» INFORMATION SHOWN
-------
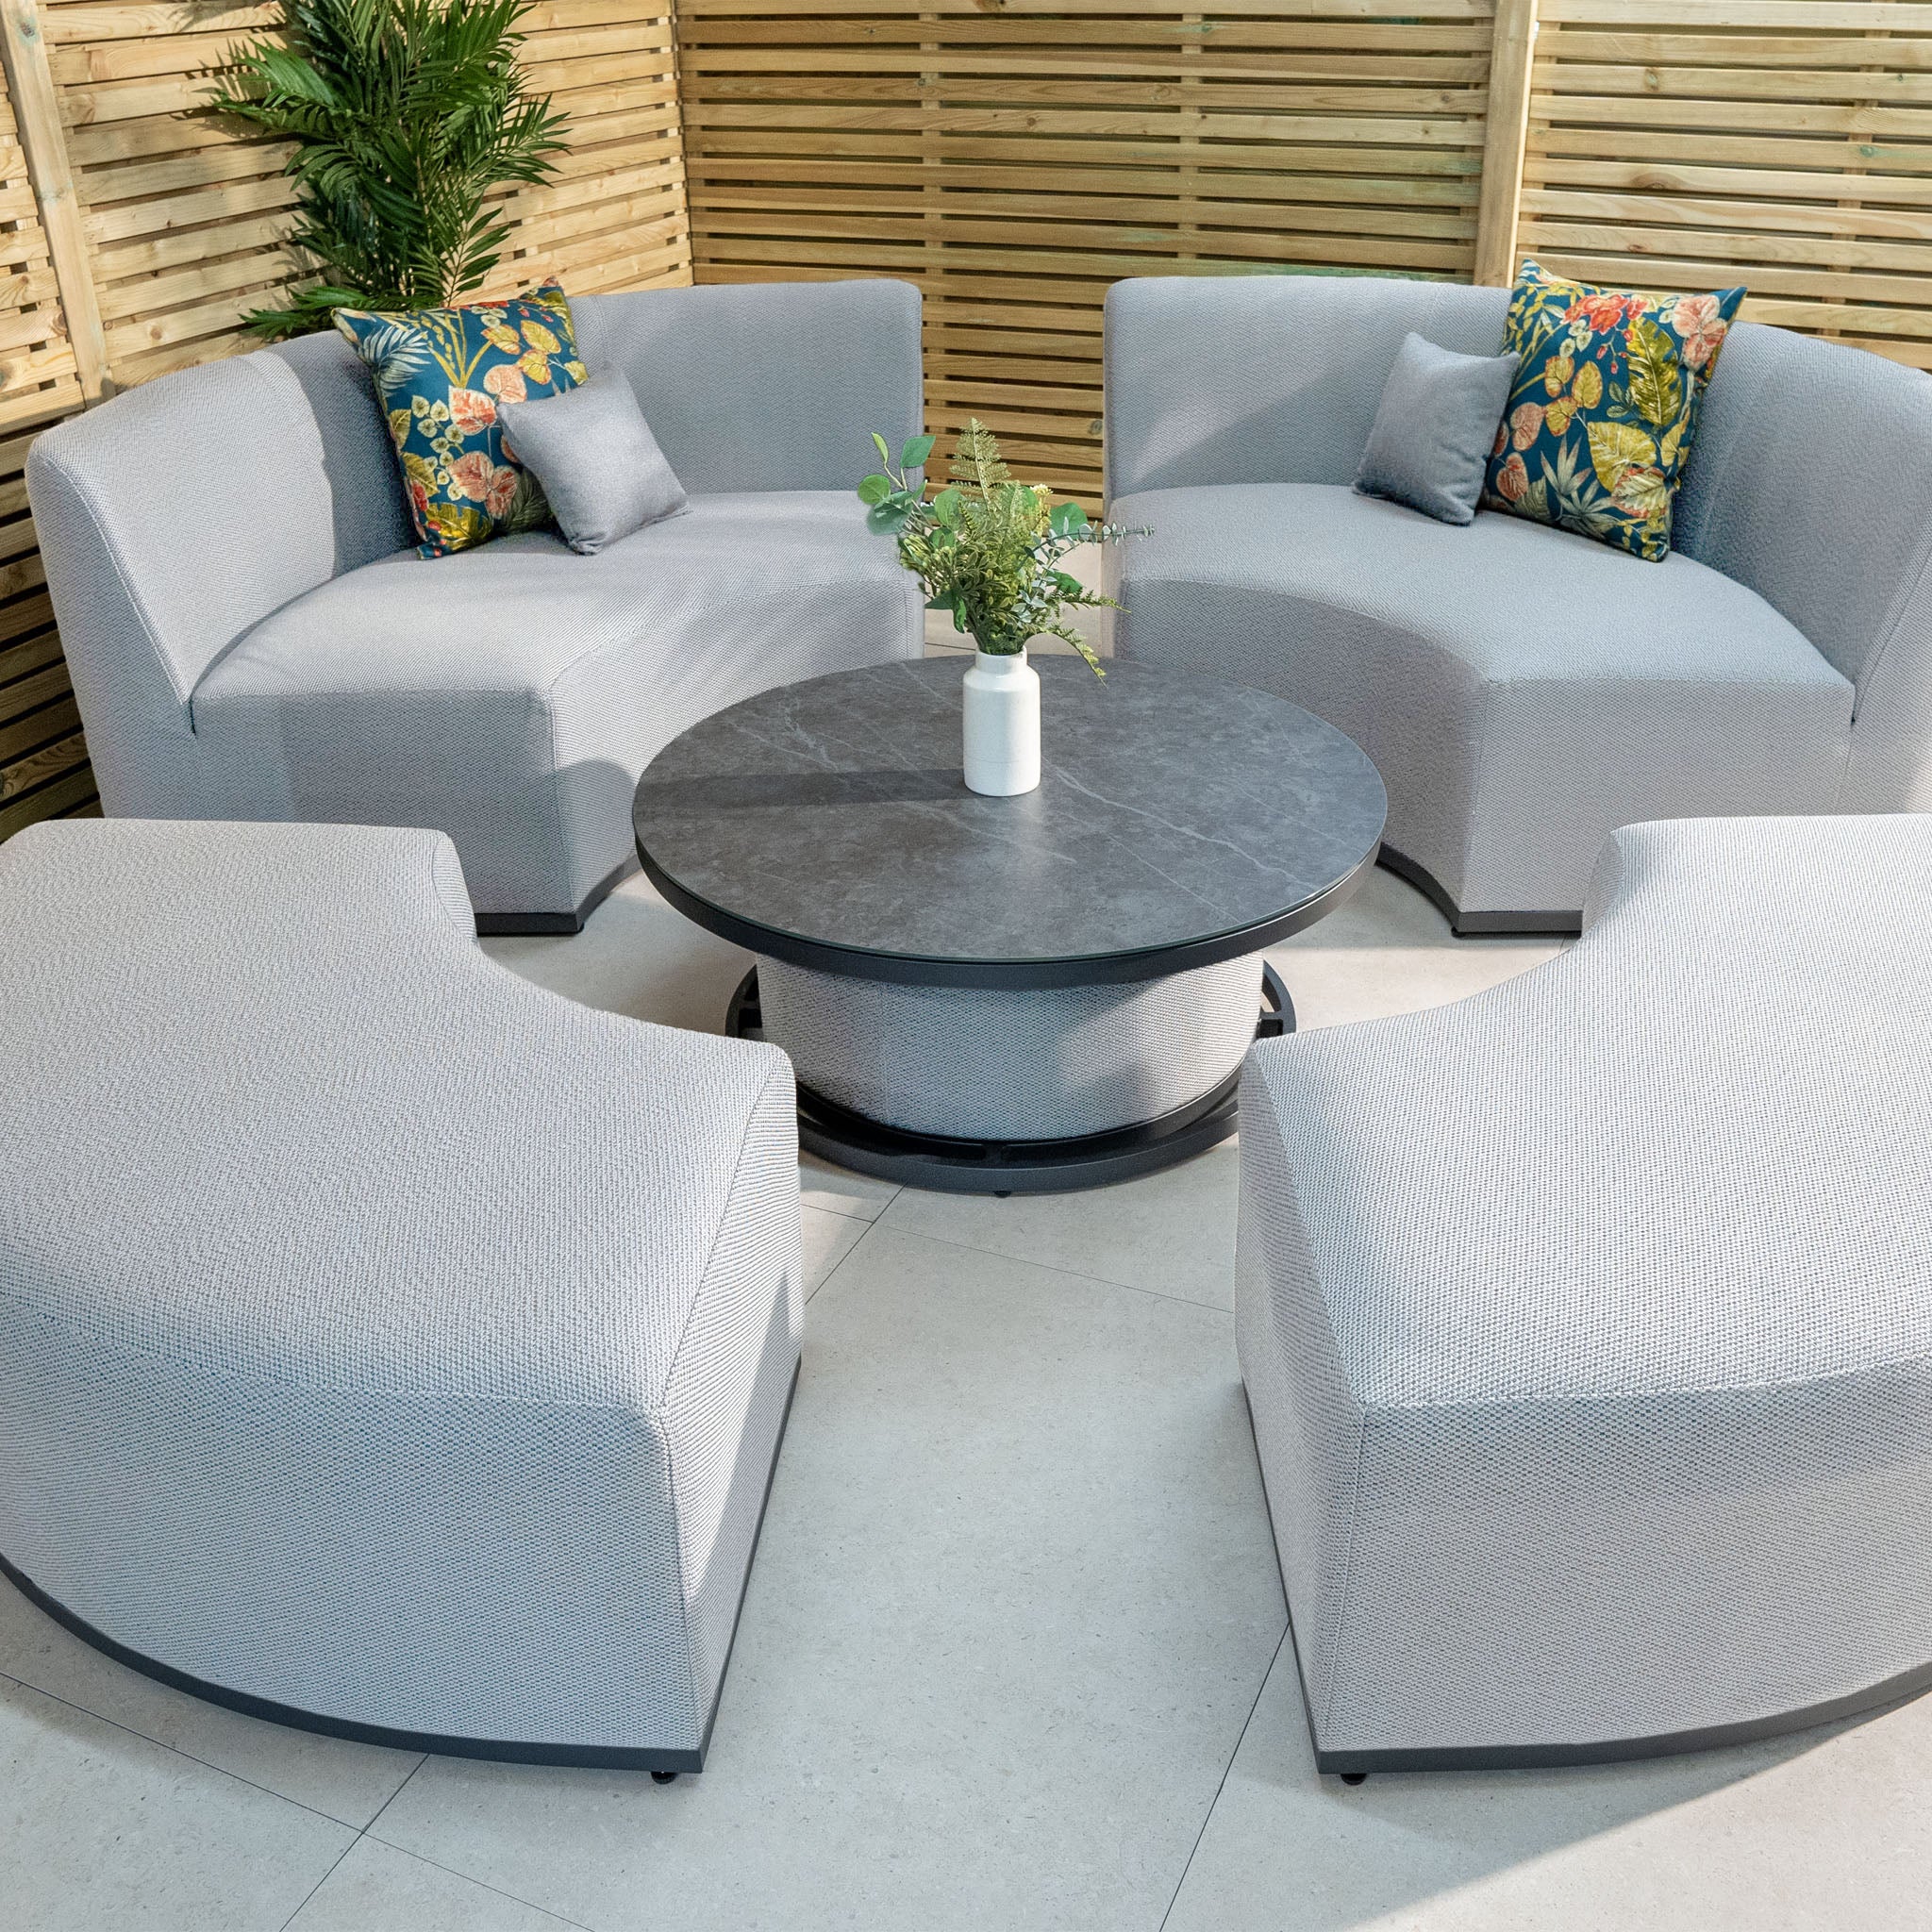 Luna Outdoor Fabric Lifestyle Suite with 2 Sofas and 2 Benches in Oyster Grey
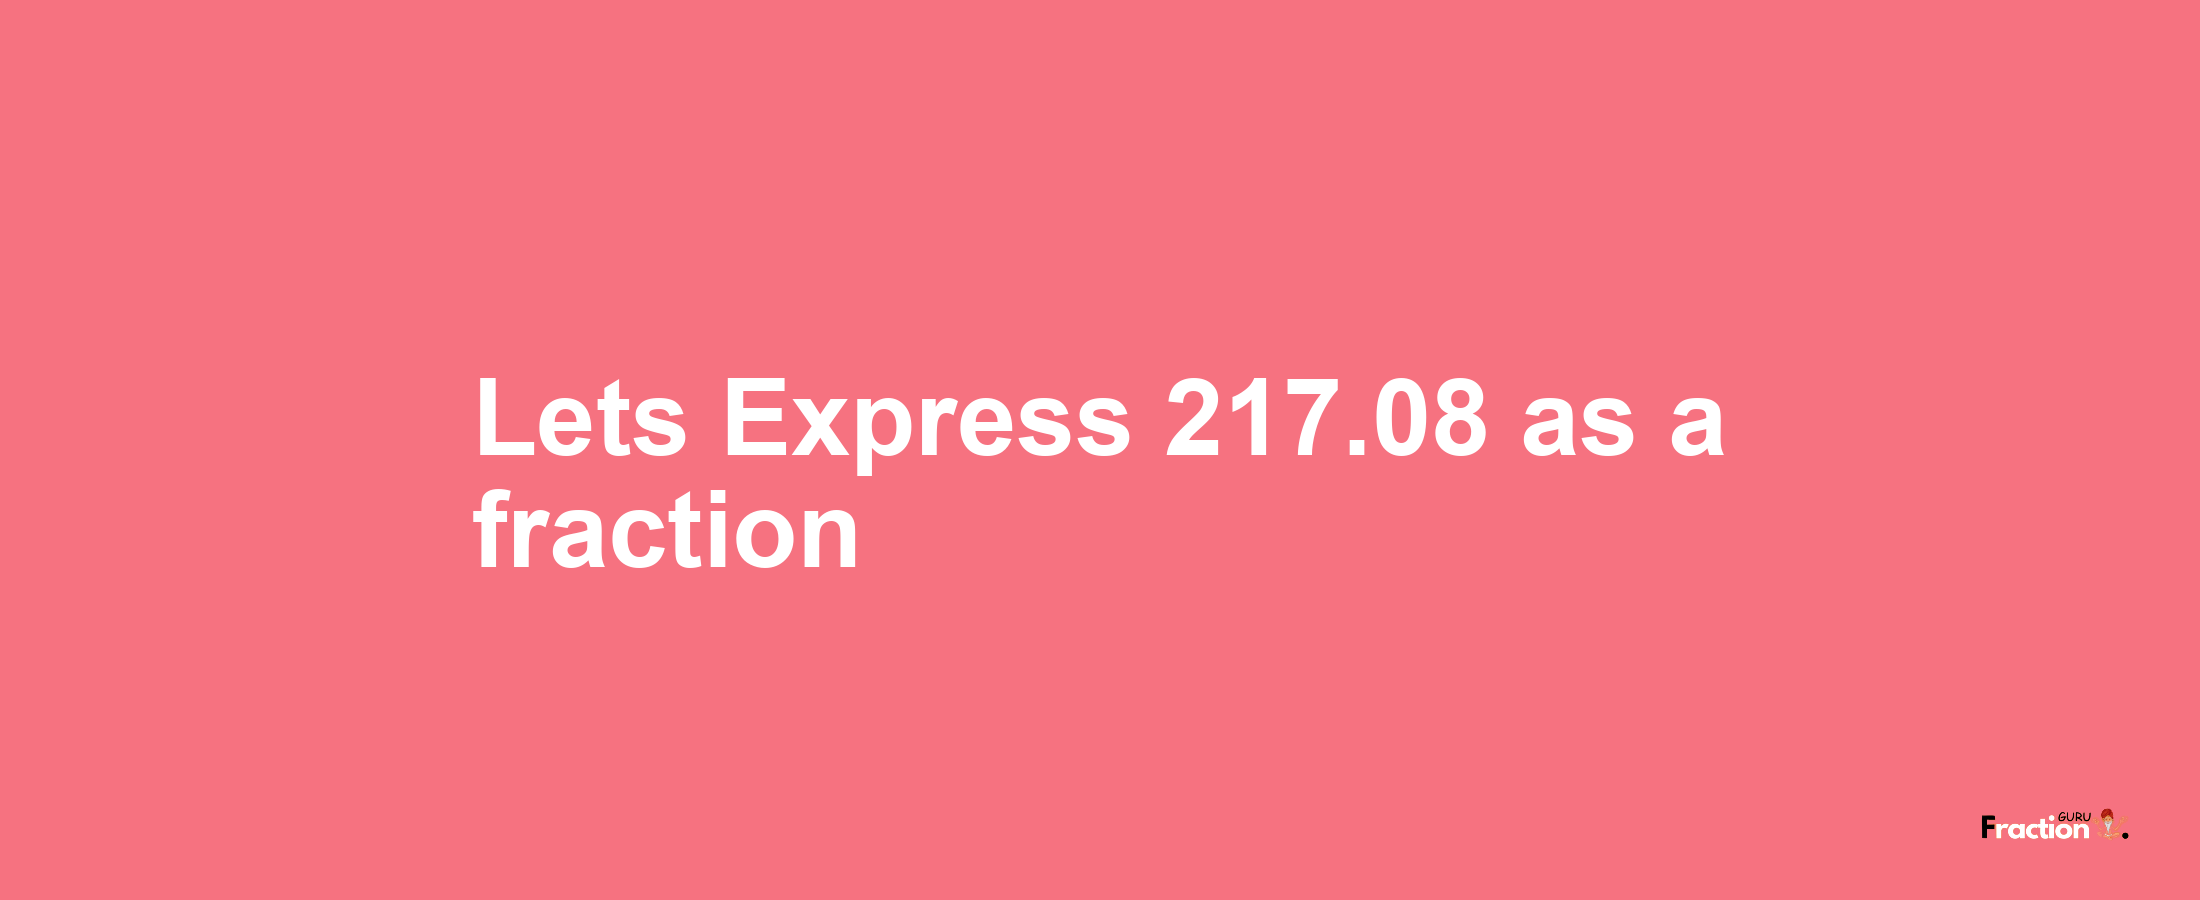 Lets Express 217.08 as afraction
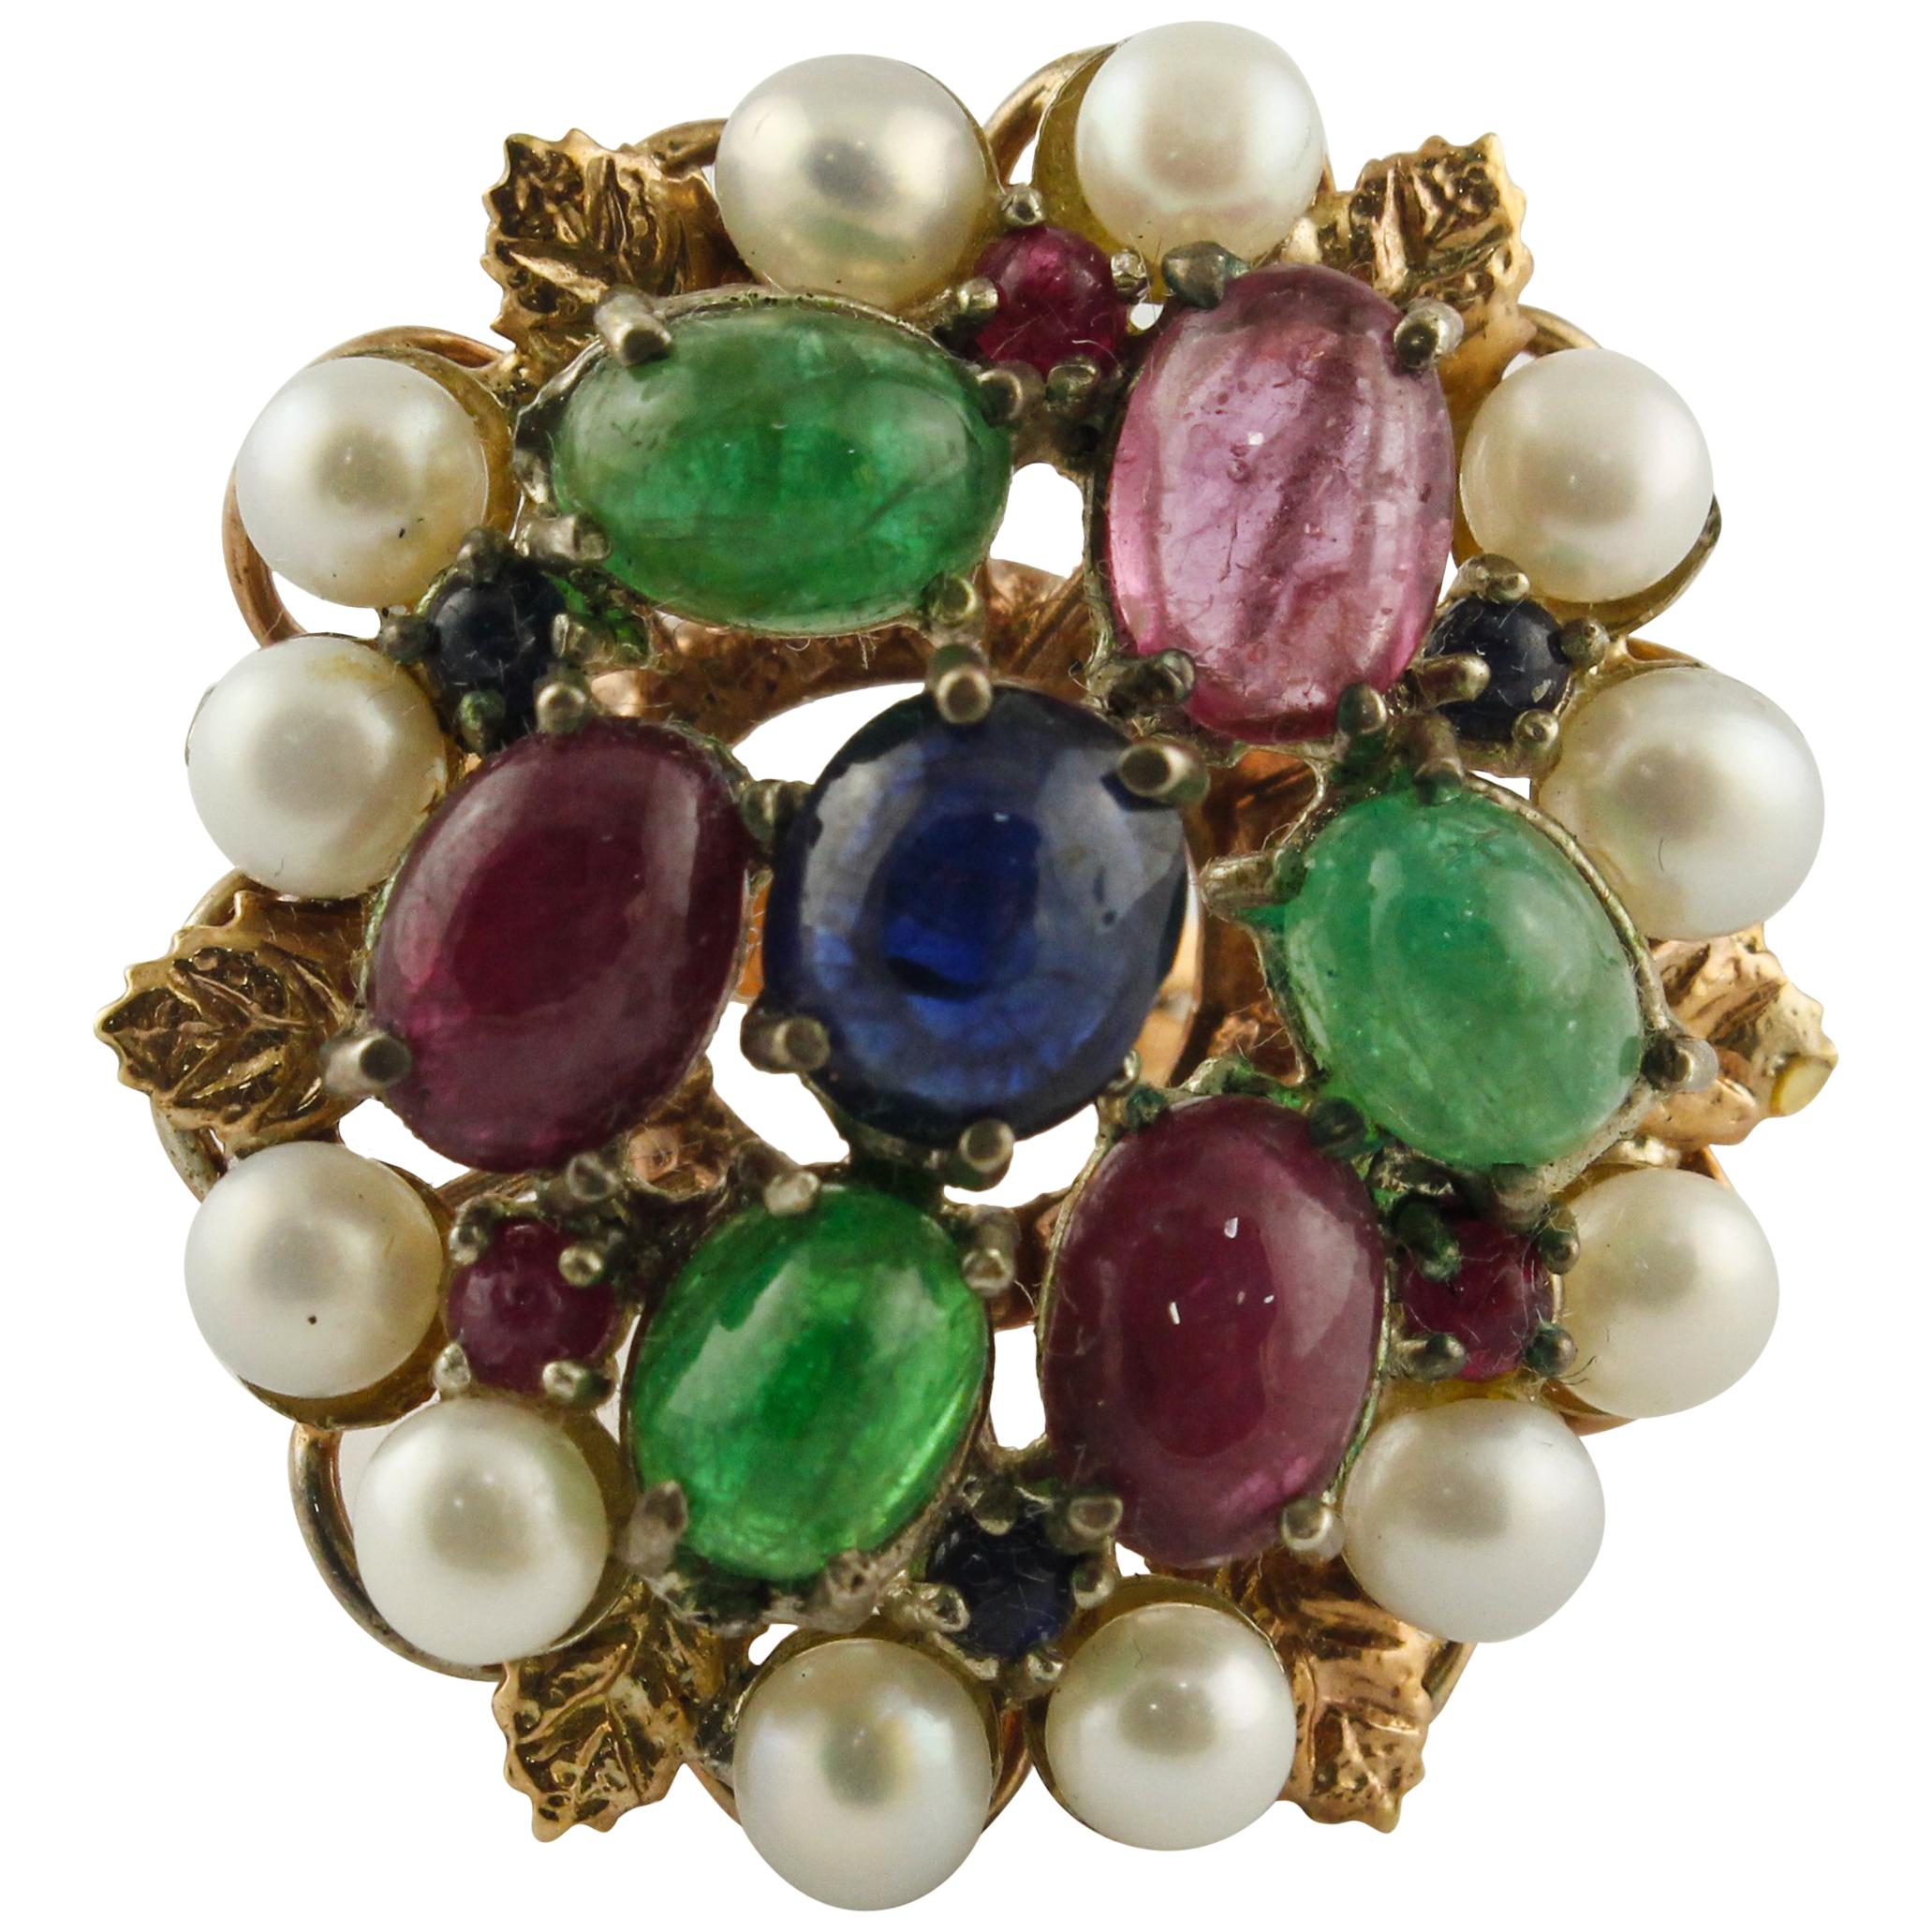 Blue Sapphires Rubies Emeralds Little Pearls Rose Gold and Silver Fashion Ring
-------
» WHAT IS REQUIRED
Take the lines from the one holding "Lets Express 217.08 as afraction" through the final line of the listing above and copy them exactly, both ends included, with no pictures.

» ANSWER FOR THE TASK
 Lets Express 217.08 as afraction
 Blue Sapphires Rubies Emeralds Little Pearls Rose Gold and Silver Fashion Ring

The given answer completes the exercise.